Erstaunlich war, wie schnell einige Linke eine Sprach­re­gelung bereit hatten, um die Erkenntnis, was diese Ent­de­ckung für die Neu­be­wertung der jüngsten deut­schen Geschichte bedeutet, nicht an sich her­an­zu­lassen. So erklärte Oskar Negt, einer der geis­tigen Väter der 68er-Bewegung, in einem Interview allen Ernstes, die Sprin­ger­presse und die Stasi hätten jede auf ihre Weise „kri­ti­schen Aus­tausch” ver­hindert. Als ob die stu­den­ti­schen Revo­luzzer an einem “Aus­tausch“ inter­es­siert gewesen wären! Sie wollten Springer besei­tigen, nicht mit ihm dis­ku­tieren. Die Stu­den­ten­be­wegung, behauptet Negt weiter, hätte sich immer gegen das „Ter­ror­system“ DDR aus­ge­sprochen. Das ich nicht lache! Außer Dutschke hat sich kaum jemand zur DDR geäußert. Wo waren denn die stu­den­ti­schen Pro­teste, als in Prag sowje­tische Panzer den Versuch, einen Sozia­lismus mit mensch­lichem Gesicht zu errichten, brutal been­deten? Statt dessen hat man Bilder des Mas­sen­mörders Mao hoch­ge­halten und dem Mas­sen­mörder Pol Pot Erge­ben­heits­adressen geschickt.
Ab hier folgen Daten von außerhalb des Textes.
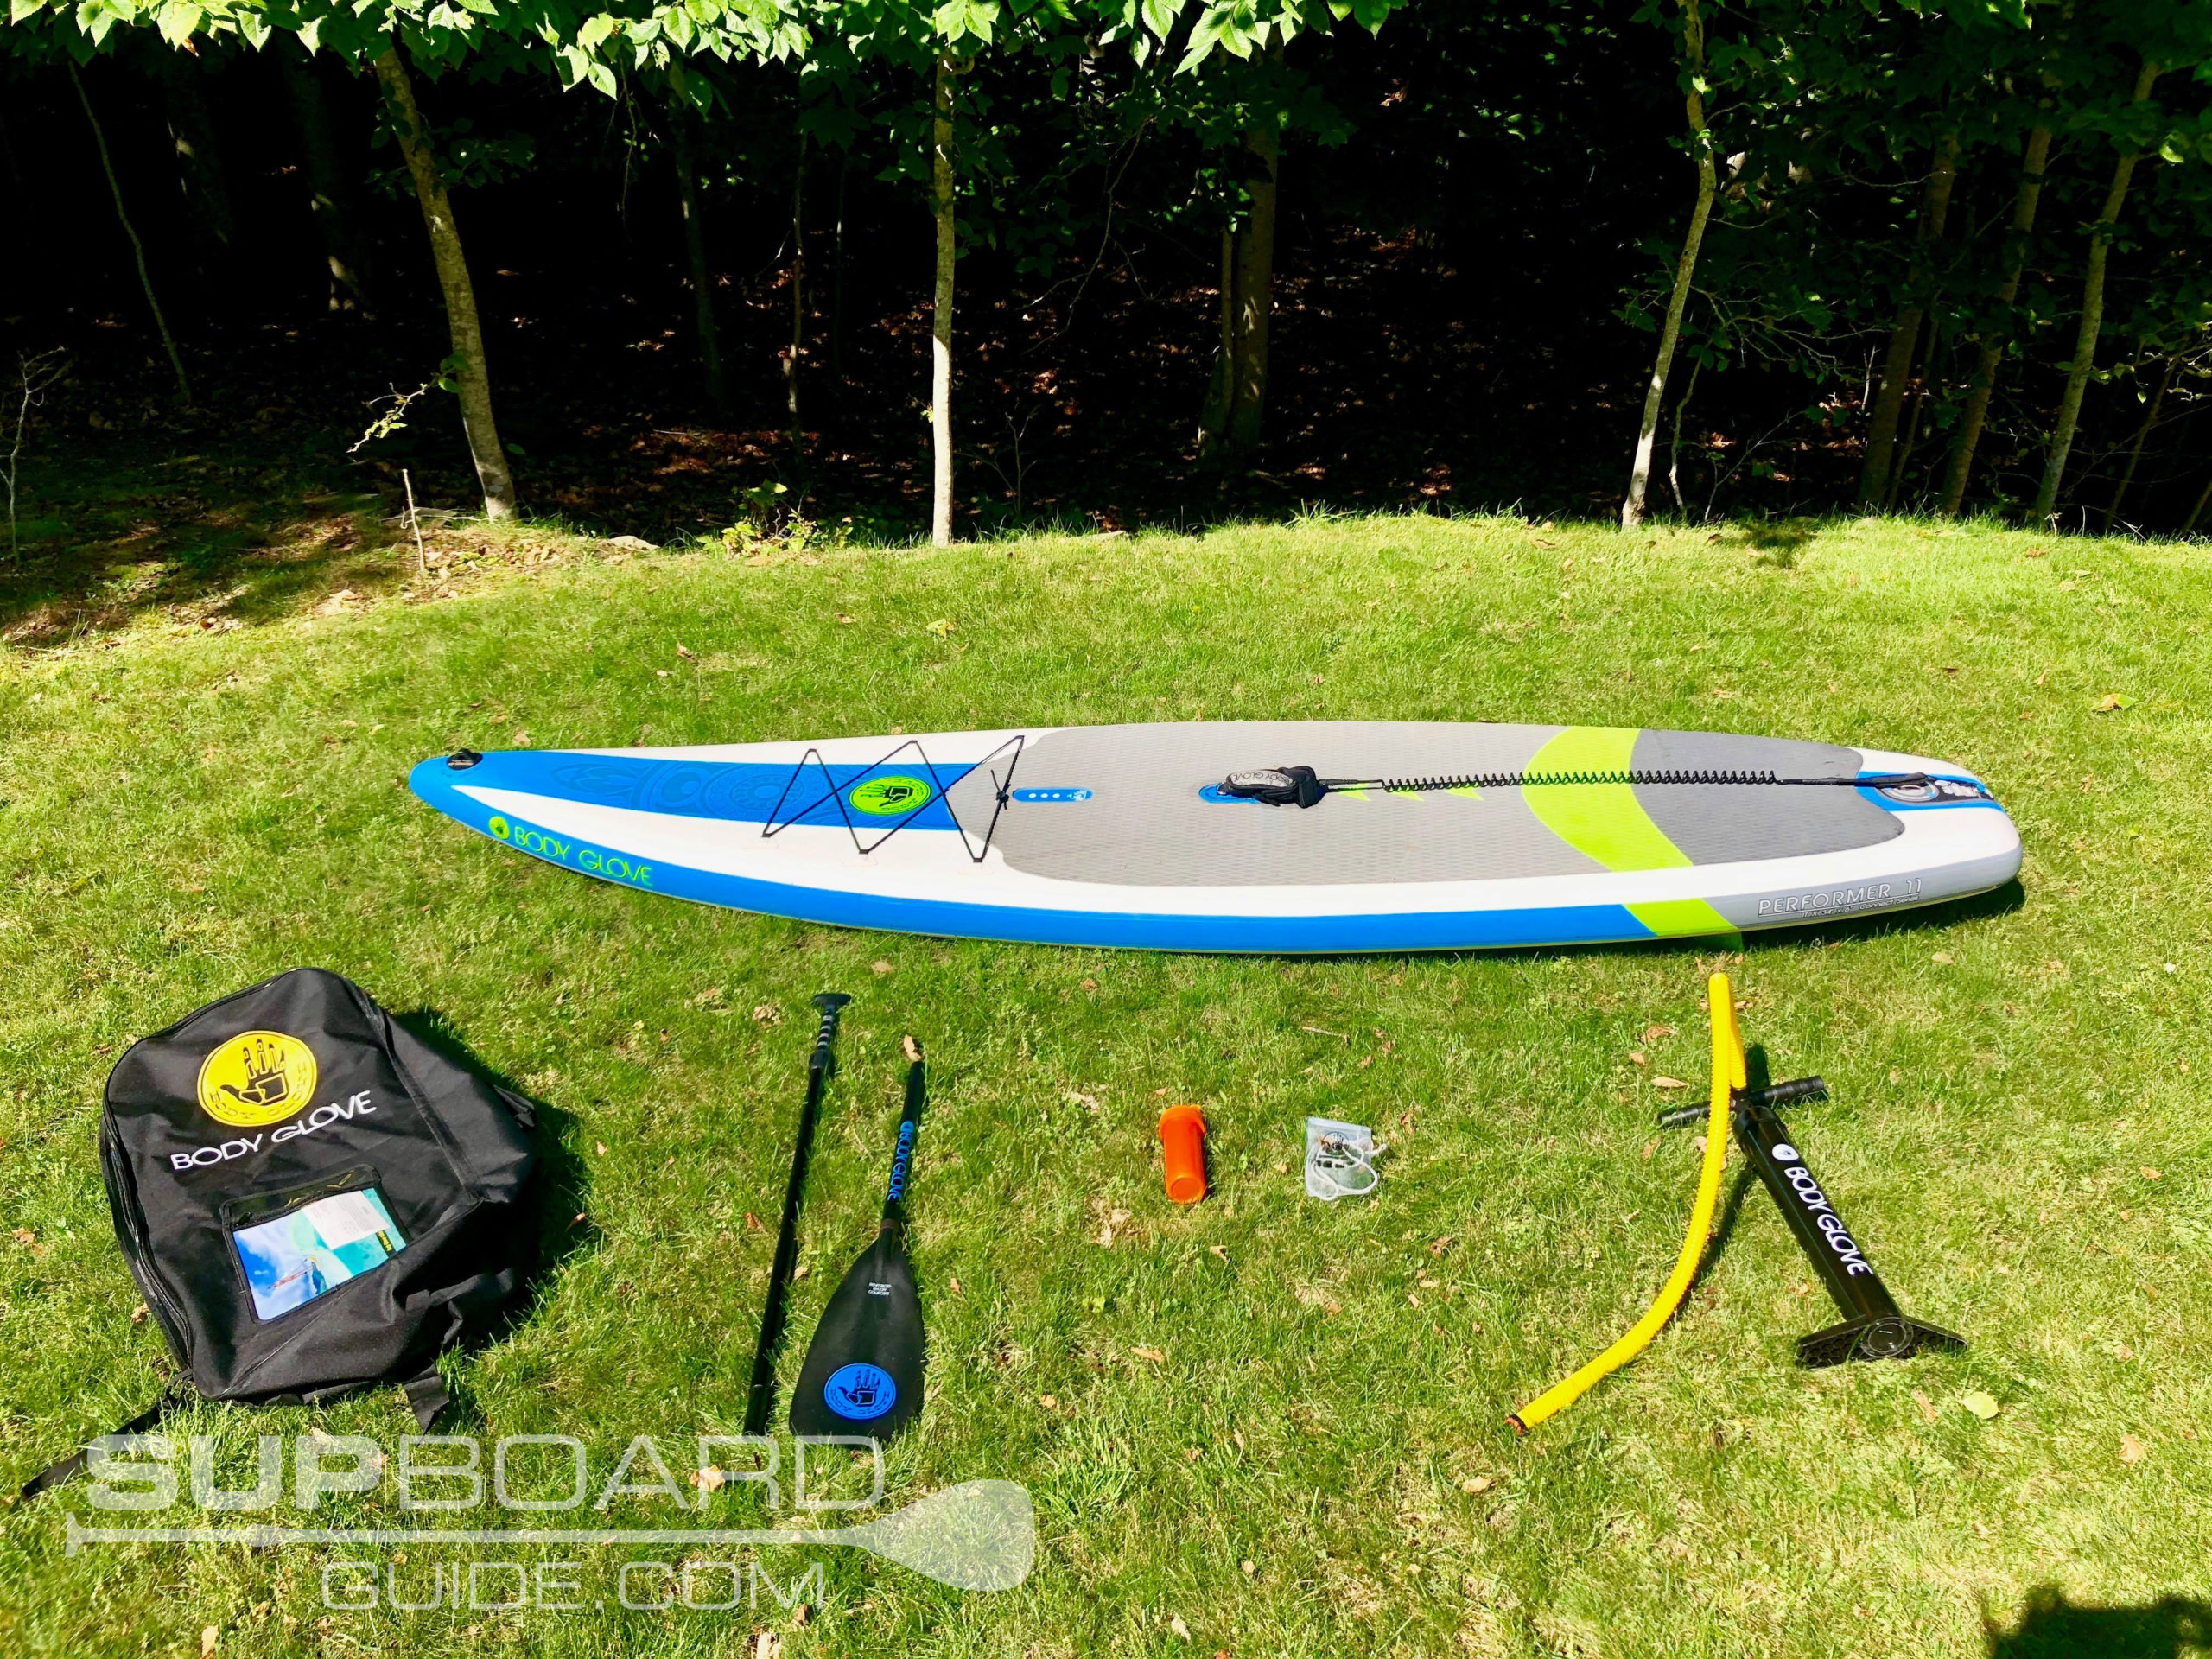 Bodyglove SUP Board Review

Leute wie Negt unter­scheiden nicht zwi­schen einem Rechts­staat und einer Dik­tatur. Sie sprechen von „auto­ri­tären Sys­temen”, die auf „kri­tische Öffent­lich­keiten” mit Gewalt reagieren.
Die Gewalt von 1968 ging, wie sich durch die Ent­tarnung von Kurras her­aus­stellt, von einem Agenten eines tota­li­tären Systems aus, das so den Vorwand schuf für die radikale Linke, die Demo­kratie in der BRD mit Bomben und Gewehren zu bekämpfen.
Dass die 68er-Bewegung die BRD tole­ranter und demo­kra­ti­scher gemacht hat, ist die Lebenslüge der Linken. Tat­sache ist, dass der Rechts­staat sich als stark genug erwies, sich nicht in den Tota­li­ta­rismus zurück­bomben zu lassen. Tota­li­ta­rismus gibt es immer noch, in Form von Aus­grenzung, Dis­kurs­ver­wei­gerung und Kam­pagnen gegen Anders­den­kende. Das ist das Erbe, das die 68er uns hin­ter­lassen haben. Die Negts sind heute so ver­knö­chert, wie einst die Polit­bü­ro­kraten. Sie werden sich auf die Dauer der Neu­in­ter­pre­tation der Geschichte nicht wider­setzten können.